I would laugh if a company rejected my proven ability to build giant
distributed systems in the cloud because they were built in C#.

------
ditonal
Keep all these spurious rejections and arbitrary hiring processes in mind next
time pg or BigTech's lobbyists bemoan the desperate shortage of great
programmers.

------
datashovel
I think the recruiting problem in technology in general is that programmers
don't meet and interact with enough different types of programmers in work
settings, so they really don't know what they want or what they should be
looking for.

I'd suggest everyone start doing this instead:

For anyone who meets basic criteria / filters, hire them at least part time,
and put them to work. If they don't make the cut 3 months later (based on some
objective criteria) let them go. Then after you've done all your recruiting
like this maybe 1-2 years later evaluate what your team consists of.

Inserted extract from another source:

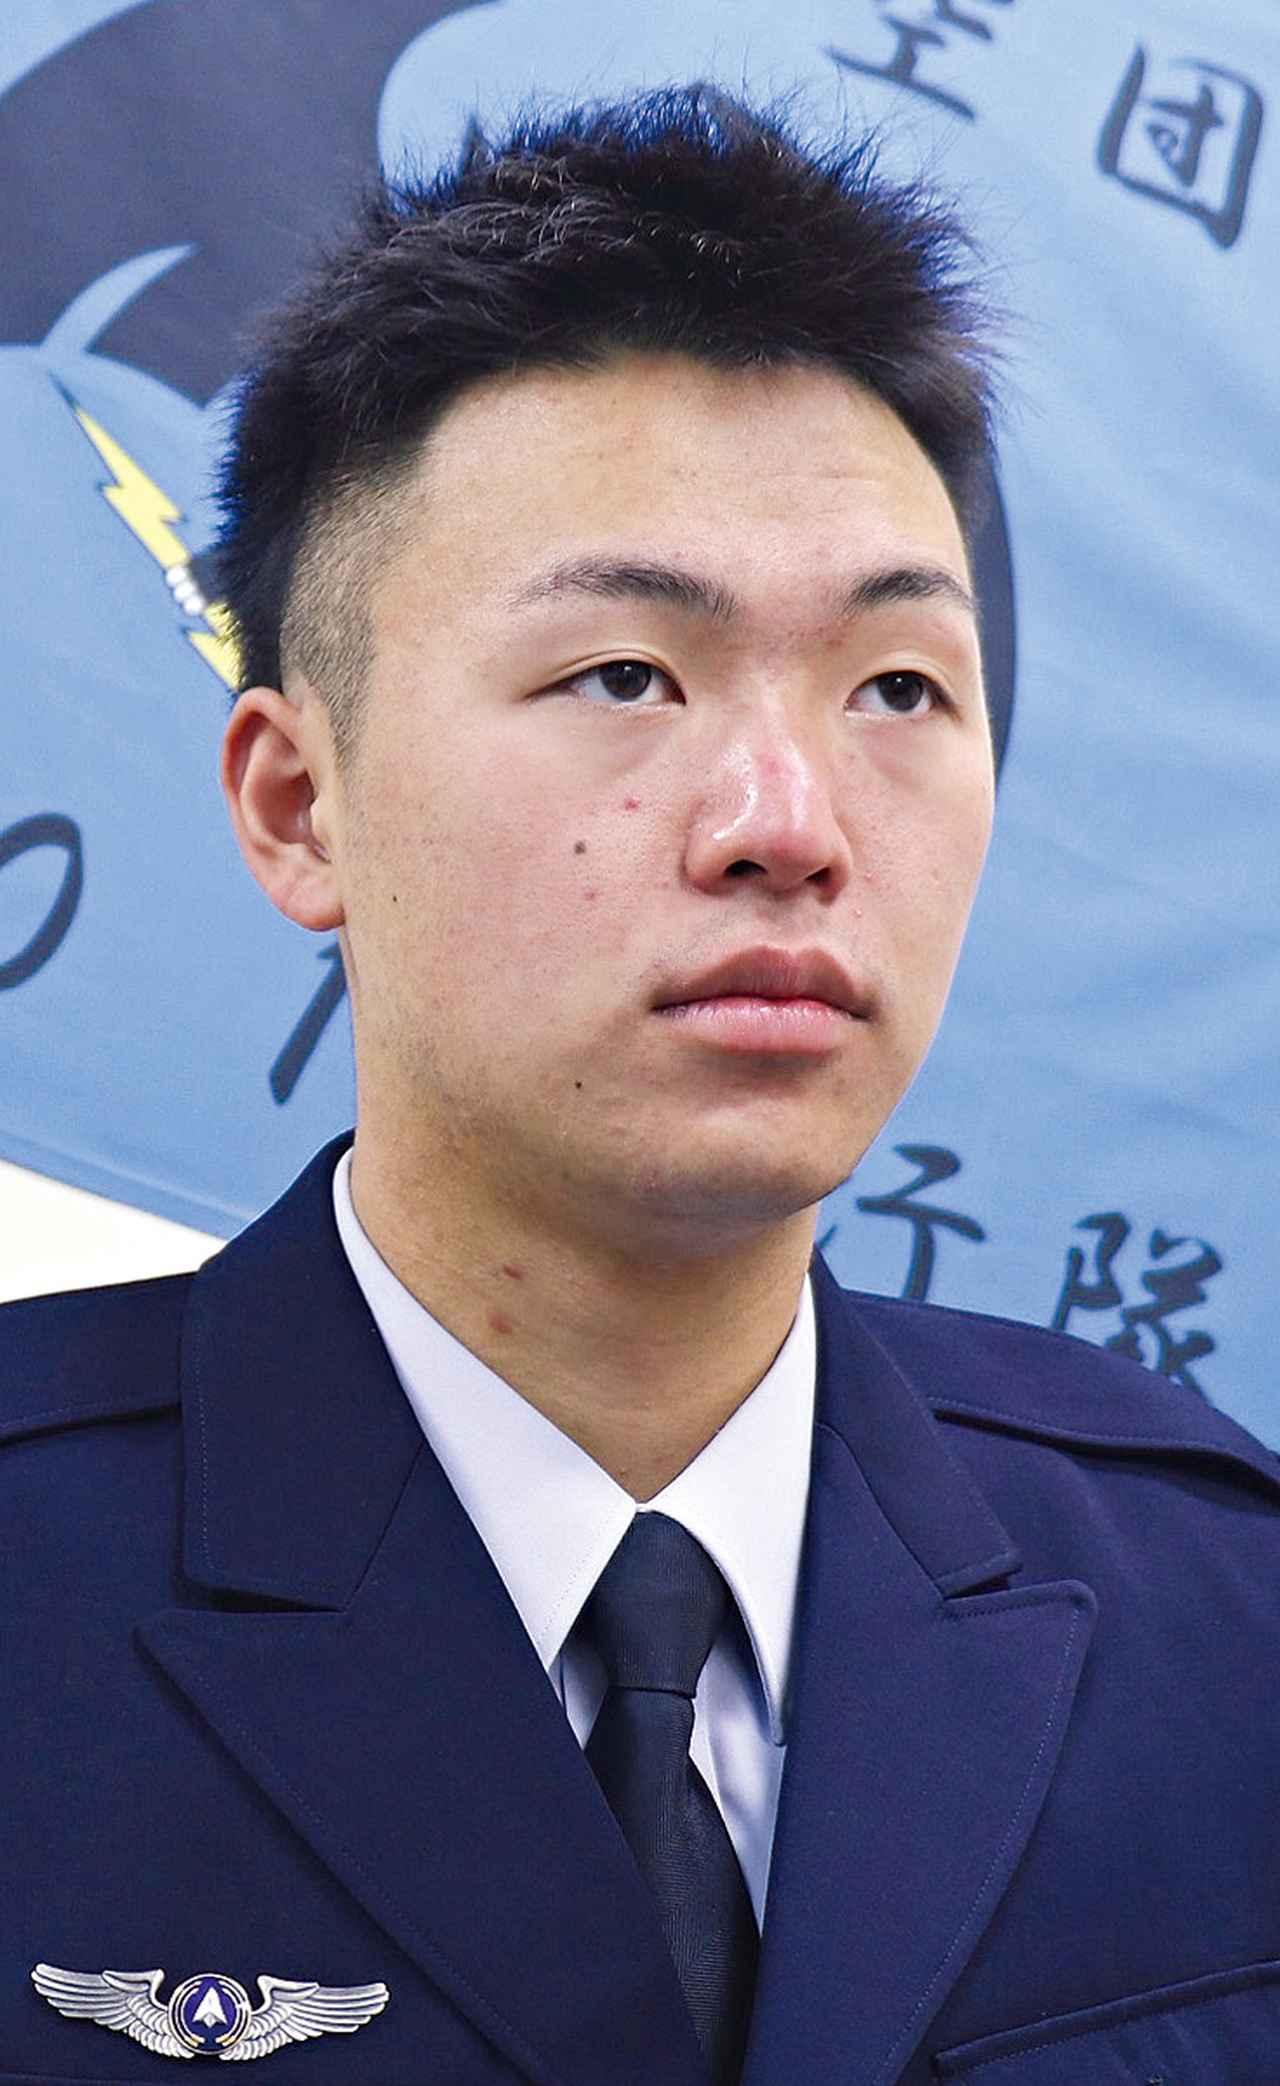 画像: 航空機整備員として勤務する櫻井士長。「今は視野を広く持ち、どんなに小さな不具合も見逃さない確かな目を養うことが大切です」

It's not even a question in my mind. I'm not 99% sure. I'm 100% confident the
team will not look like the recruiting team originally envisioned it would
look before they started hiring.

EDIT: And I'm 100% confident those teams will consist of an overall better
quality of engineer, and putting out higher quality products, than they
would've ended up with if they stuck with trying to find what they believe to
be the right "culture fit" or some concept of what a "prototypical engineer"
is / should be.

------
bluecalm
The discussion about interviews comes down to a fact that if you setup your
interview as a test where you position yourself as a chooser you will attract
people who need you more than you need them. The best people are going to pass
as they have enough options elsewhere.

For example I would be very happy to interview for Google 2 years ago and
endure the process. Today I could sit with them for an hour and talk about
stuff while sipping coffee. I have more opportunities than I can pursue anyway
so spending hours solving mazes like some kind of a lab rat is not something I
am going to spend my time on.

I am not a top expert in what I do but I can write and ship code. People like
me (and especially ones better than me) will just not show up for your
"process". Either you pursue them or you won't meet them. You will only get
people for whom you are so attractive an option that they are willing to
donate several hours or a whole day to have a low % shot. Those will not be
the best programmers as the idea of paying to get evaluated is not something
people with options entertain.

------
mercurial
> The company told us they valued process more than raw ability, and he’d not
> written tests during the interview.

Who the hell writes tests during an interview?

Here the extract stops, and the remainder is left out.